This repository dedicated to exploring adversarial examples using the ResNet18v1 computer vision classification model.
"An adversarial example is an instance with small, intentional feature perturbations that cause a machine learning model to make a false prediction." - Interpretable Machine Learning
The primary objective was to craft a function capable of taking any given image along with a specified target class and generating a modified version of the image. This modified image, infused with adversarial noise, would be misclassified by the model as the chosen target class, despite the content of the original image. Importantly, the modifications to the original image should remain imperceptible to the human eye.

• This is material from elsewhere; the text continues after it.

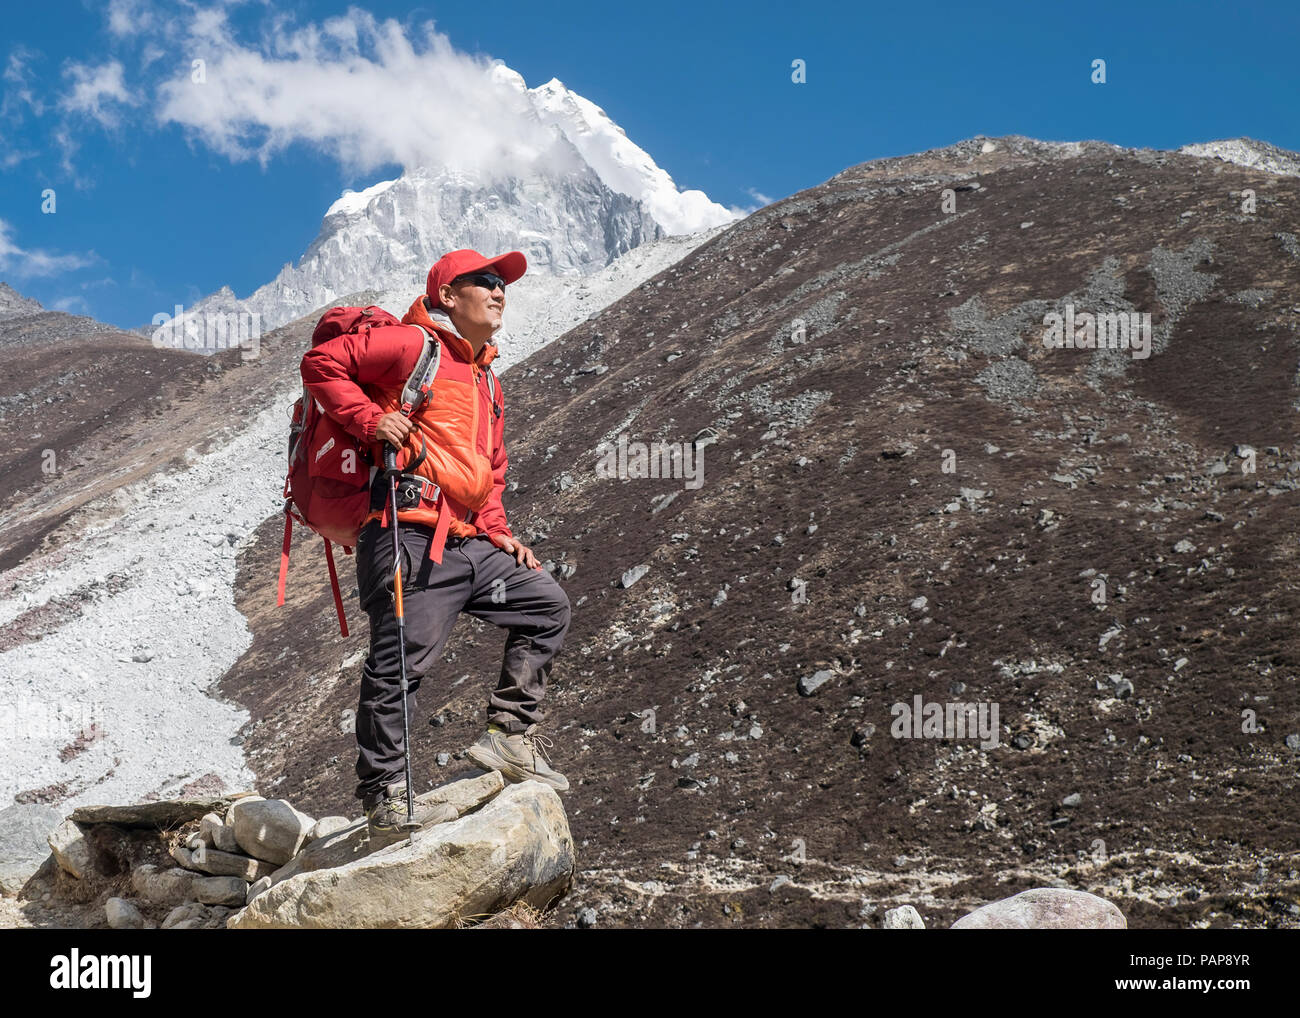 Nepal, Solo Khumbu, Everest, Sagamartha National Park, Mountaineers hiking the Himalayas Stock Photo

The repository features two main notebooks:
notebooks/00_adv_noise_exp_sandbox.ipynb
: This is a sandbox for various experimental approaches, including a noteworthy experiment with Patch-based attacks and GradCAM, which visualizes the significance of image features. For insights into this technique, refer to the notebook's end.notebooks/01_adv_noise_cleanup.ipynb
: This notebook showcases the creation of counterfactual examples that successfully trick the model into misclassifying images to a user-specified class. This method was validated using a subset of 50 images from the original ImageNet dataset, with all instances successfully deceiving the model.notebooks/02_fixed_01_adv_noise_cleanup.ipynb
: Fixed adversarial example fitting. The primary correction involved removing the clamp from the fitting image process, which was producing artifacts and preventing the images from being denormalized.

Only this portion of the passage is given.